Table 2 Cardiopulmonary exercise test data in 193 patients with post COVID syndrome


Several correlations were tested; on the average correlations were albeit significant weak (Table 3).

Table 3 Correlation between major cardiorespiratory parameters in 204 patients with post COVID syndrome


In the present study we applied a holistic approach to assess cardiorespiratory function in patients with post COVID-19 syndrome. We showed that dyspnea, tiredness and fatigability, but not other typical post COVID symptoms, are associated to inefficiency of ventilation during exercise. As regards alveolar capillary membrane, abnormalities are mainly due to Vcap reduction supporting the hypothesis of primary role of endothelial/vascular dysfunction in post COVID syndrome. Moreover, SPB was fivefold higher than in normal subjects showing that the alveolar capillary membrane is under a long term remodeling process which includes abnormal cell function.

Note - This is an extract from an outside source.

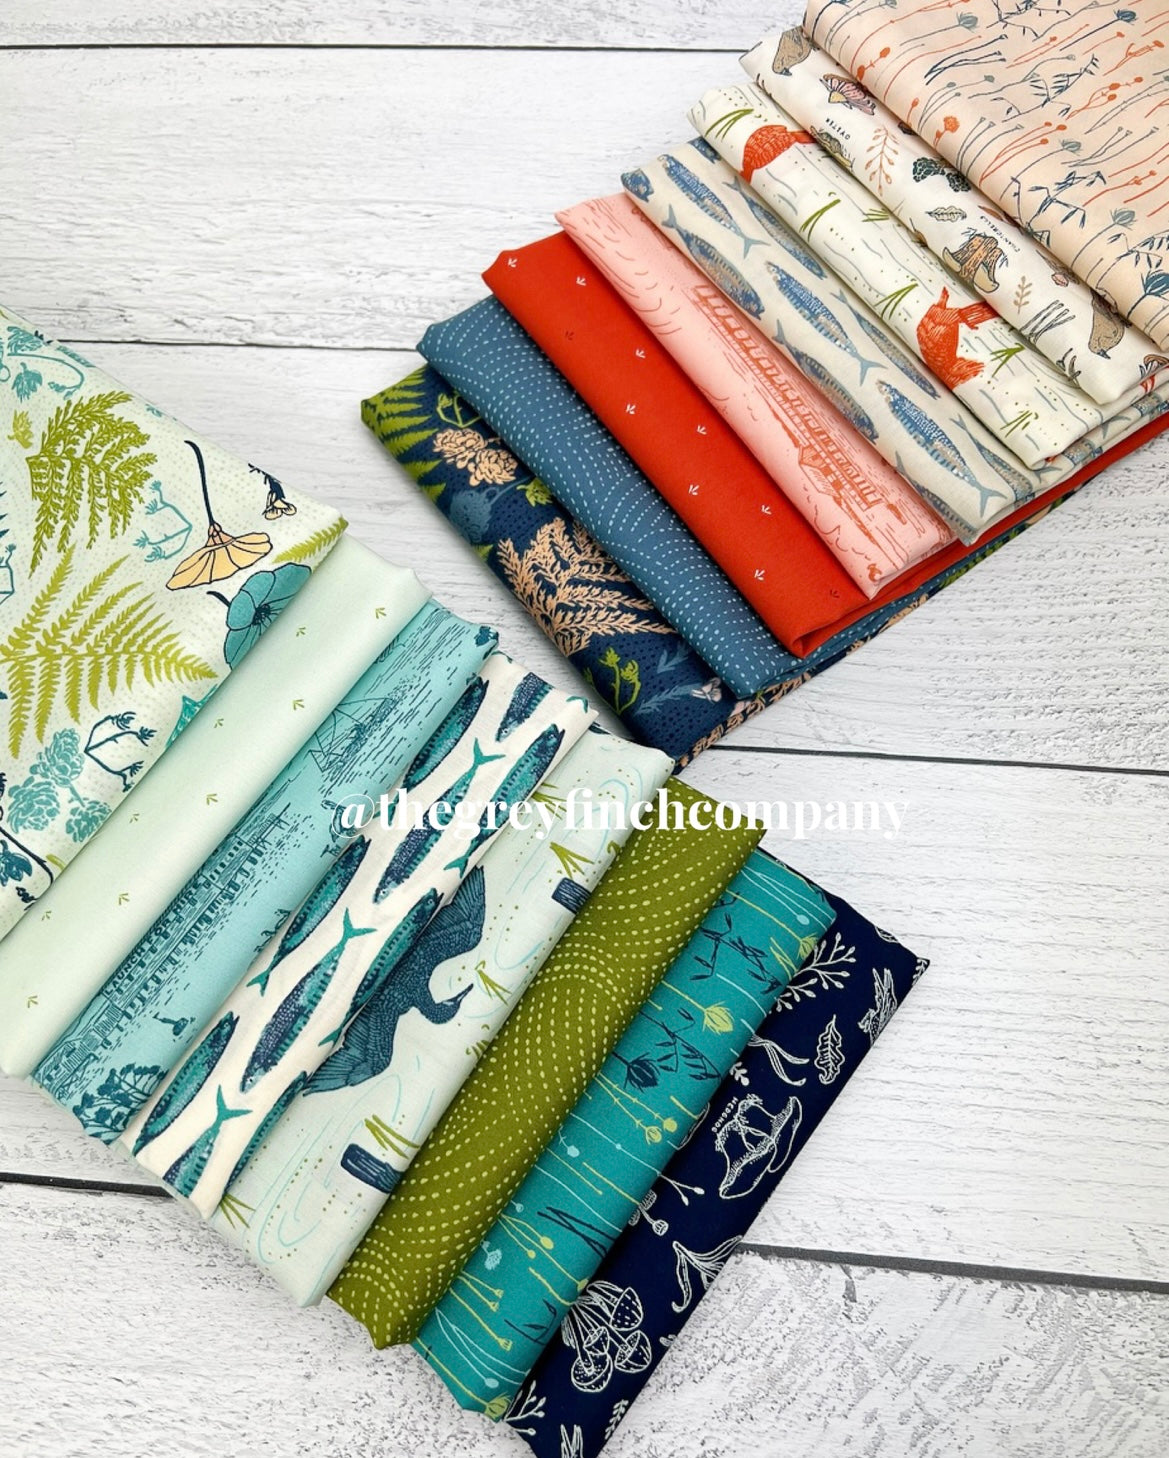 Tomales Bay Collection Bundle - 16 fabrics by Katie O’Shea - Art Gallery Fabrics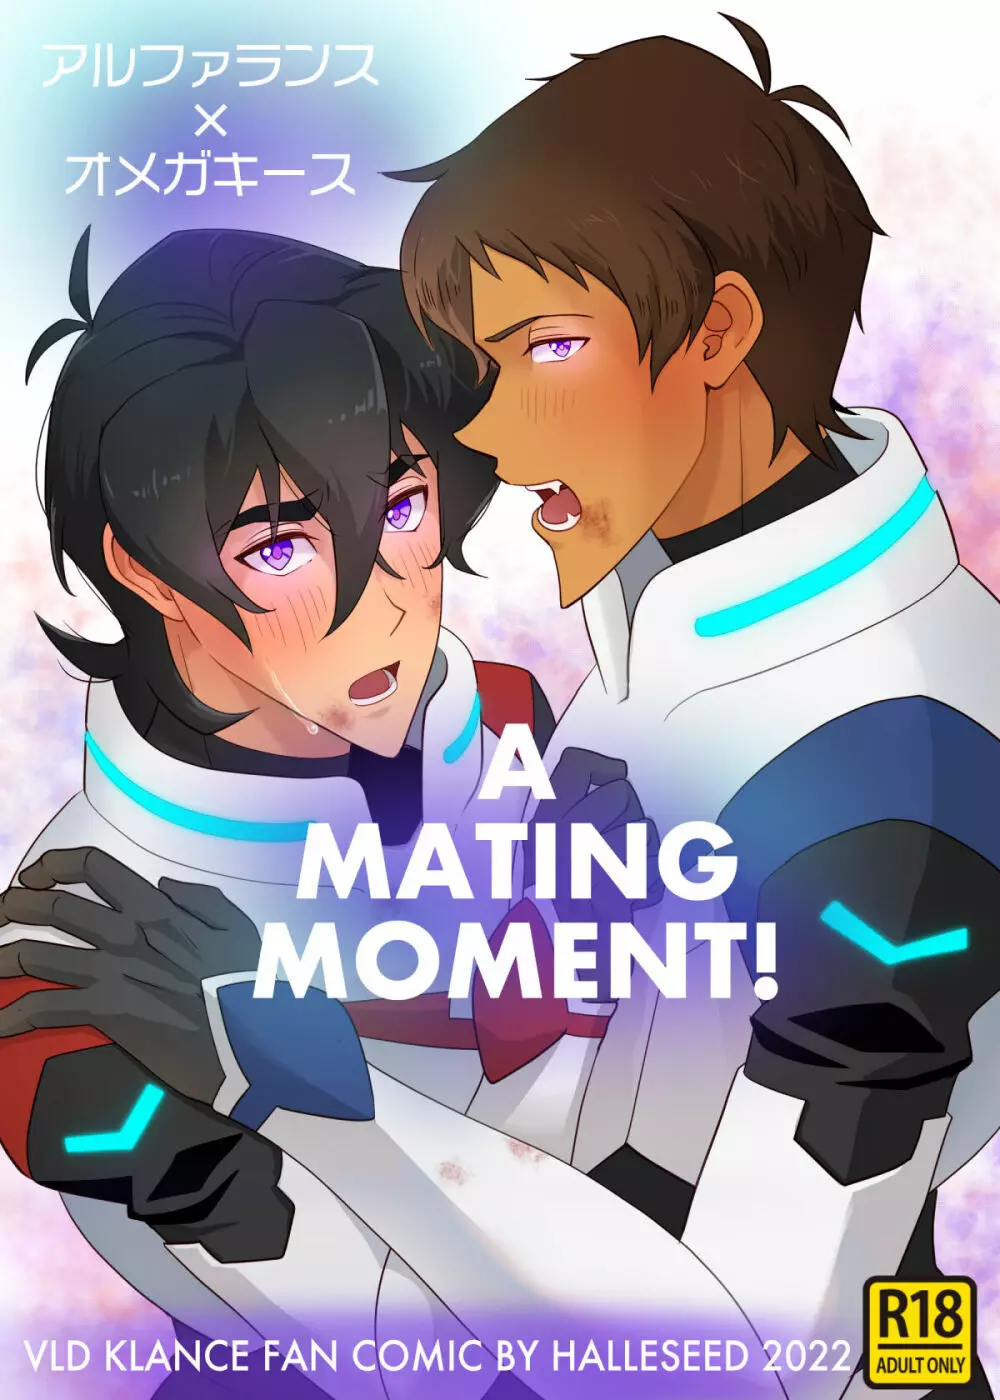 A MATING MOMENT! 1ページ

The population we studied is characterized by a variety of symptoms with tiredness, exercise-induced fatigability and dyspnea, present in ~ 60%, 75% and 45% of cases. A few authors [1, 32,33,34,35] previously reported in similar populations that standard spirometry was within normal ranges, mean lung diffusion was on the lower end of normality and CPET data characterized by minor peakVO2 reduction and a minimal increase in ventilation inefficiency. Our data confirm these findings, which can be attributed to cardiorespiratory mild impairment but also to deconditioning associated with prolonged inactivity. Of note the presence of pre COVID cardiorespiratory disease with mild symptoms did not influence post COVID symptoms albeit affecting standard spirometry and CPET data. Moreover, referred symptoms were not related to lung parenchyma involvement at CT, to severity of COVID-19 infection or to peakVO2 but were related to VE/VCO2 slope, a parameter directly associated to the way patients breathes.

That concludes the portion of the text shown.